This case study is all about using grid searches to identify the optimal parameters for a machine learning algorithm. To complere this case study, you'll use the Pima Indian diabetes dataset from Kaggle and KNN. Follow along with the preprocessing steps of this case study.

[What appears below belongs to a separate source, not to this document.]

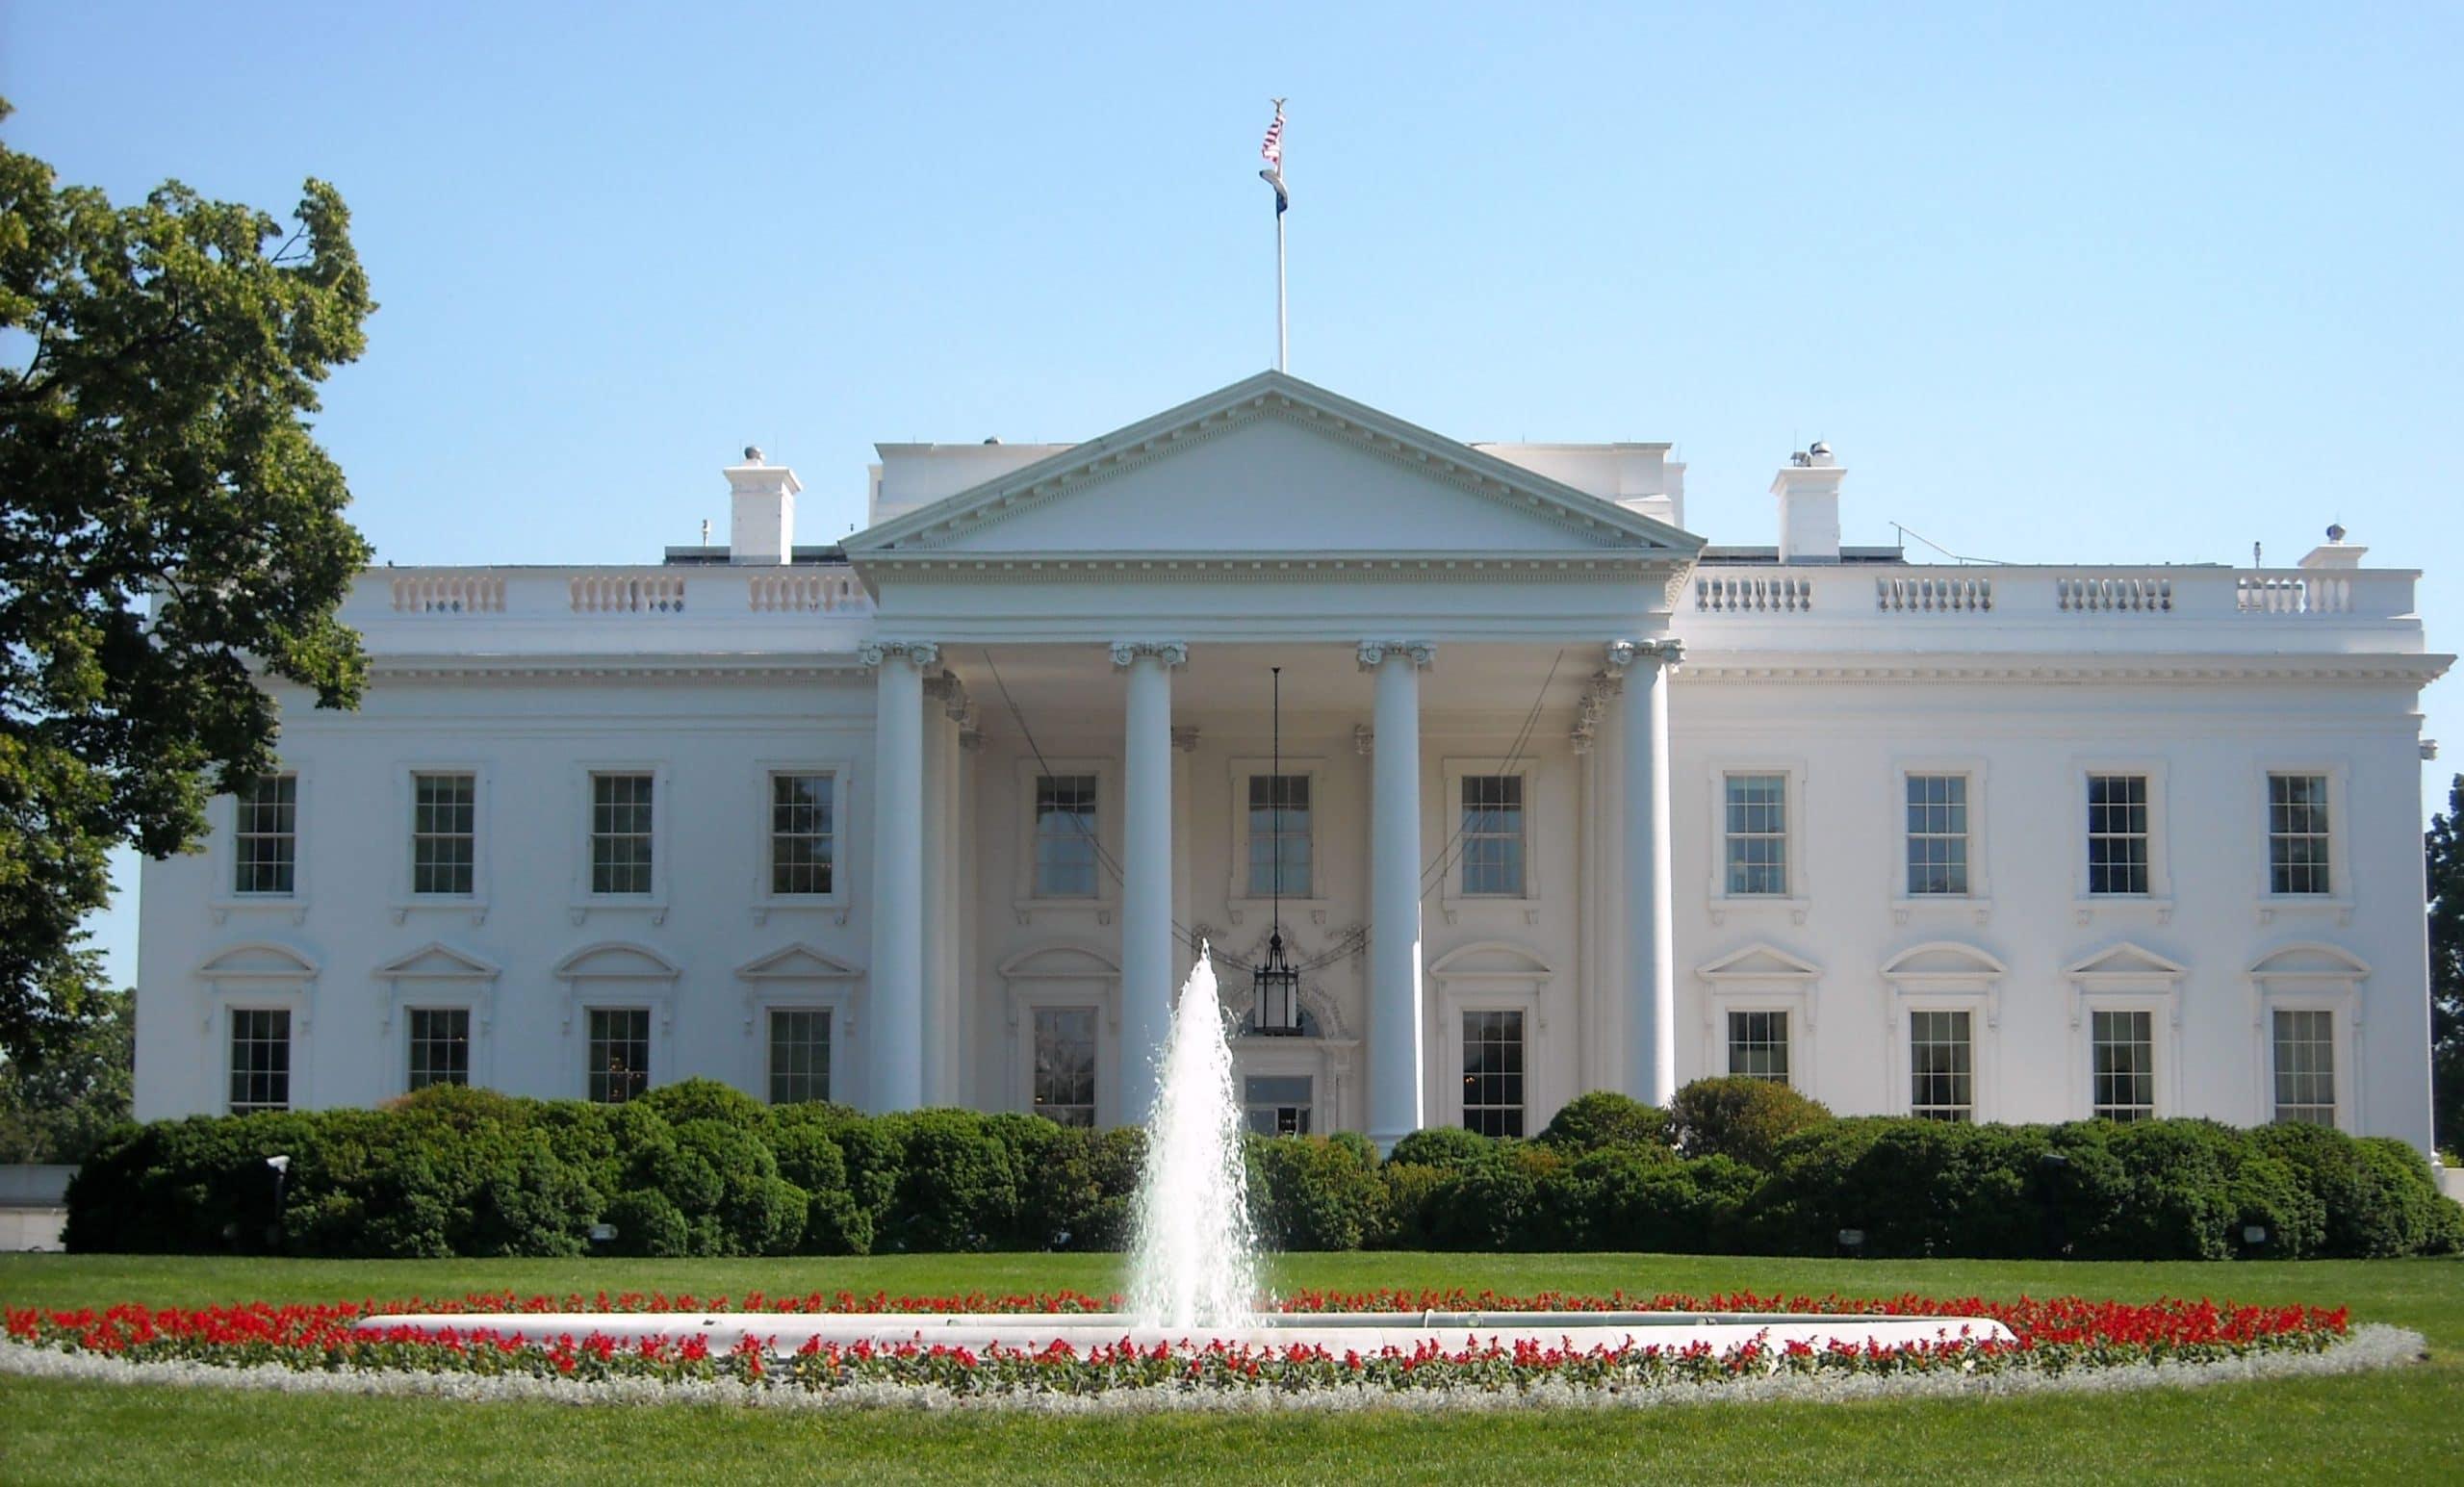 President & White House
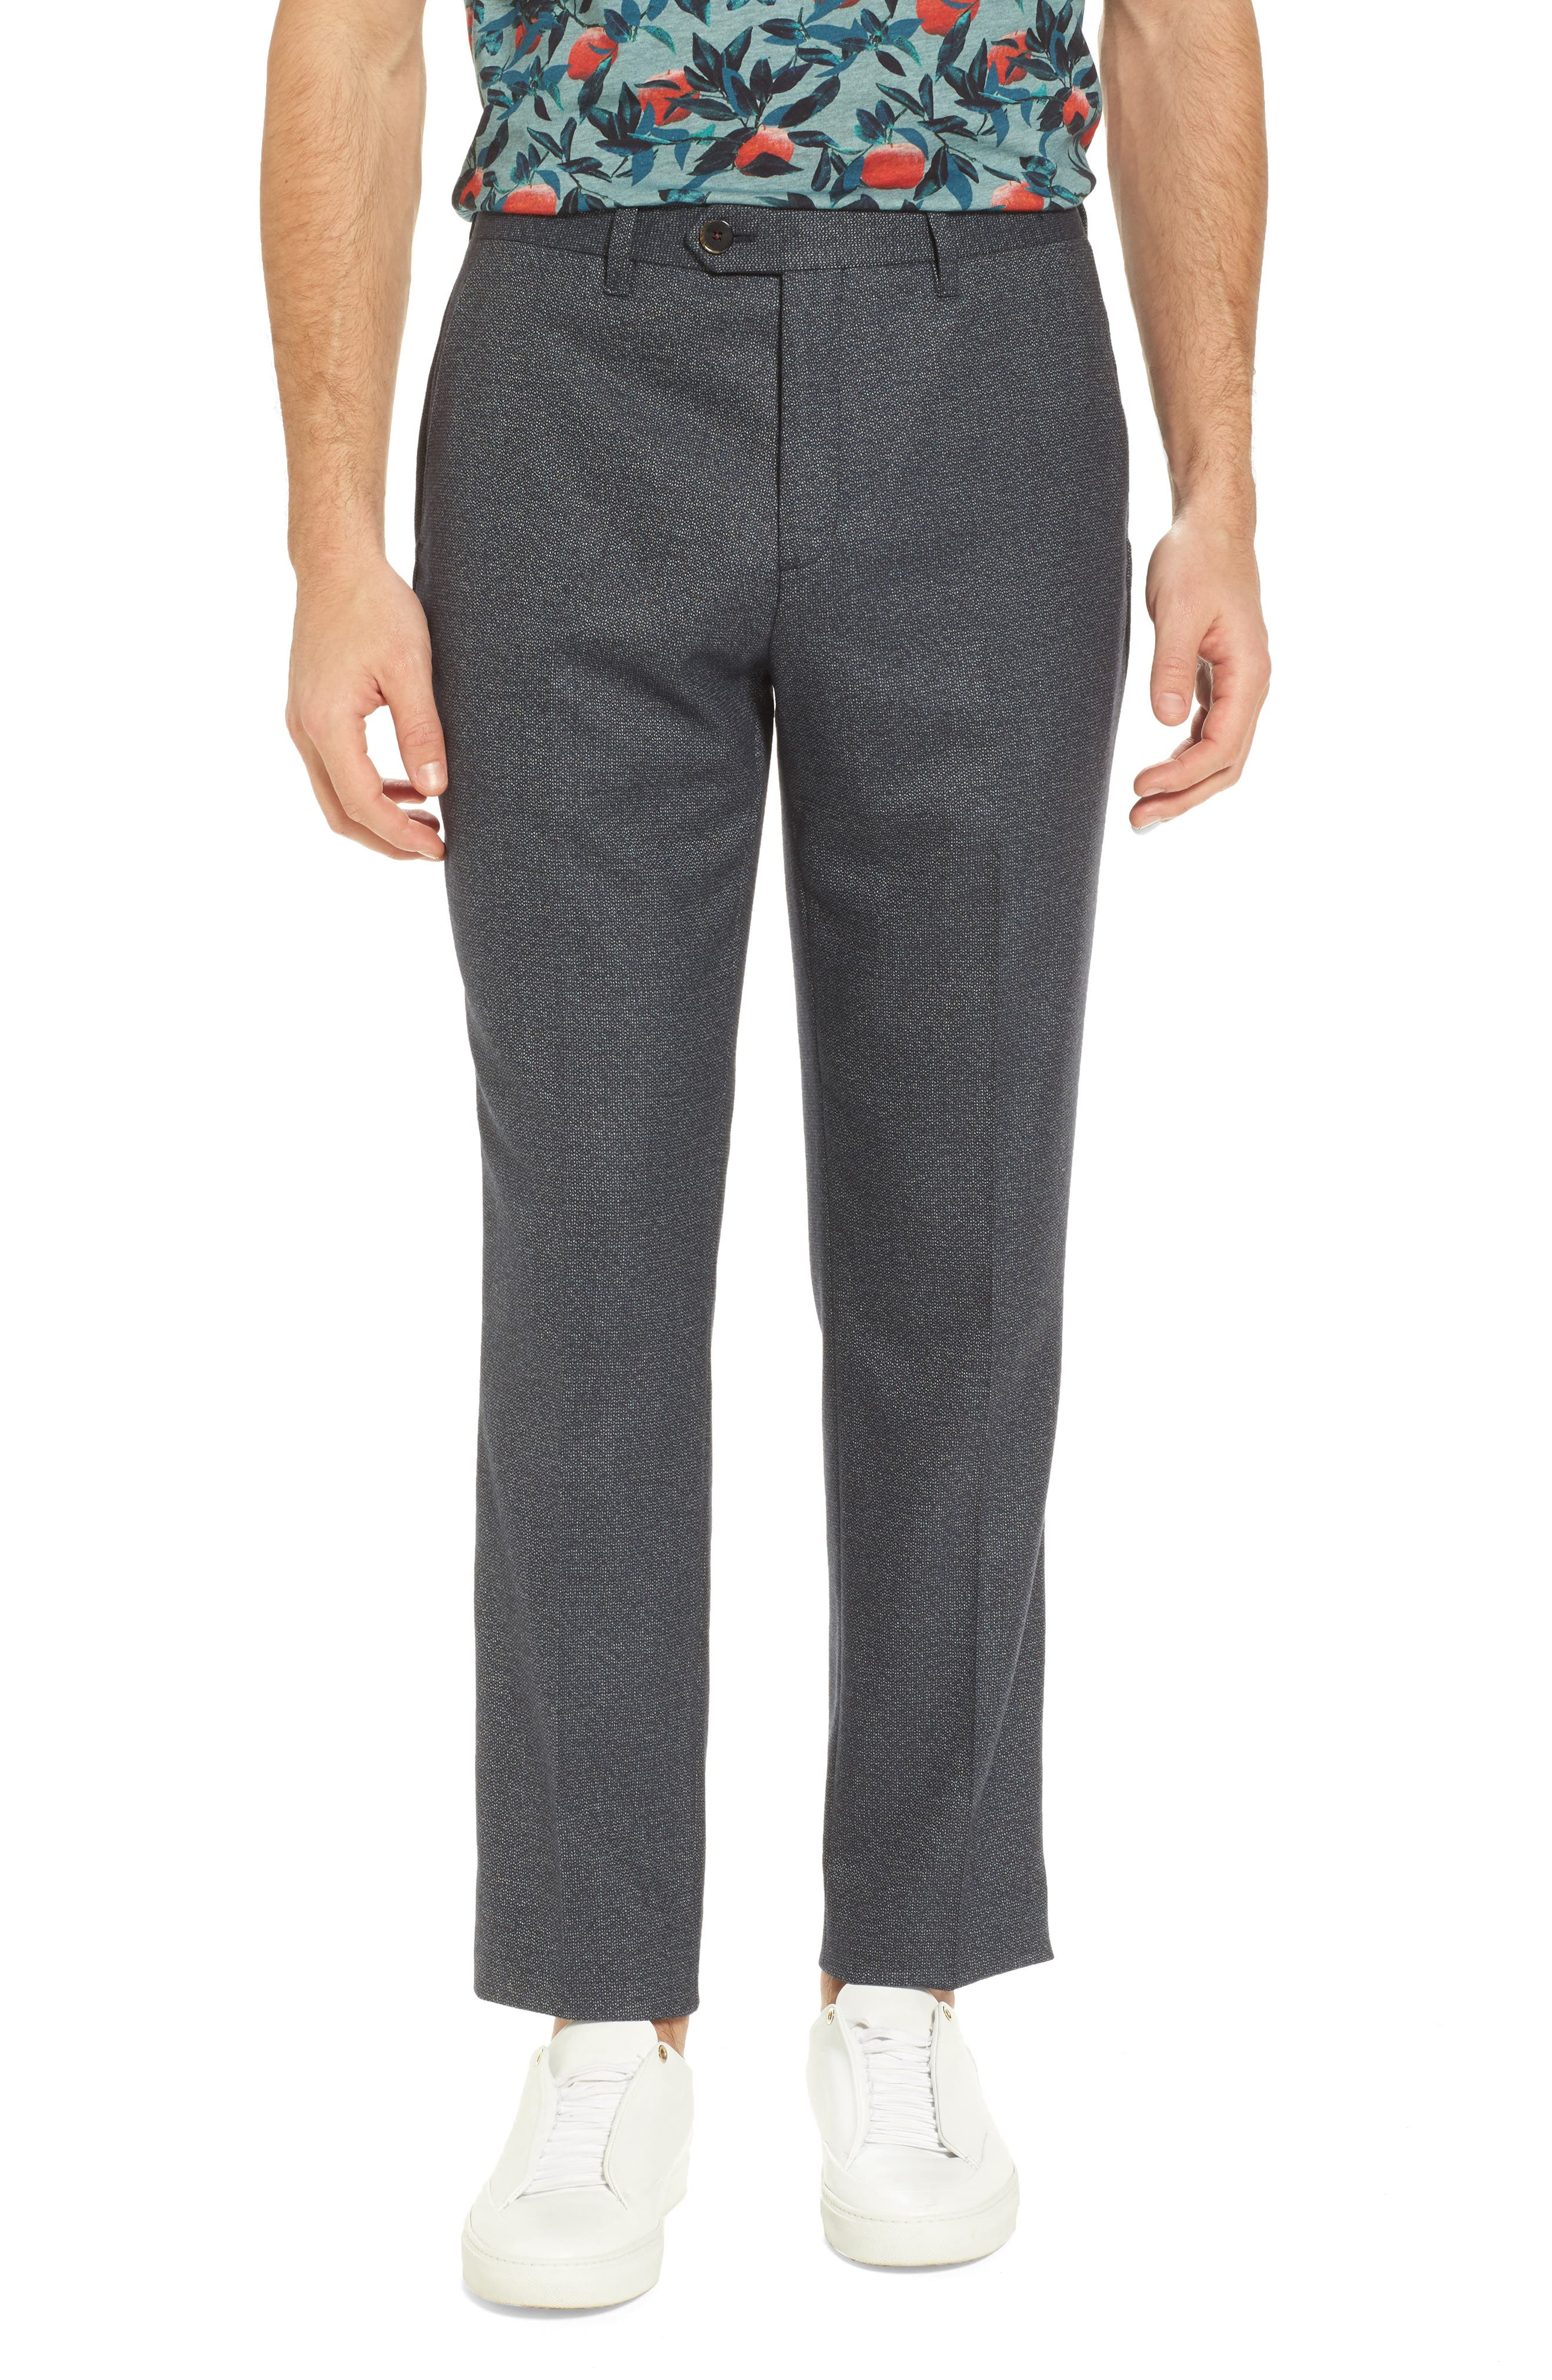 Beektro Trim Fit Trousers,                             Main thumbnail 1, color,

Load the necessary packages
import numpy as np
import pandas as pd
import matplotlib.pyplot as plt
import seaborn as sns
sns.set()
# set random seed to try make this exercise and solutions reproducible (NB: this is just for teaching purpose and not something you would do in real life)
random_seed_number = 42
np.random.seed(random_seed_number)
diabetes_data = pd.read_csv('data/diabetes.csv')
diabetes_data.head()
Start by reviewing the data info.
diabetes_data.info()
Apply the describe function to the data.
diabetes_data.describe()
Currently, the missing values in the dataset are represented as zeros. Replace the zero values in the following columns ['Glucose','BloodPressure','SkinThickness','Insulin','BMI'] with nan .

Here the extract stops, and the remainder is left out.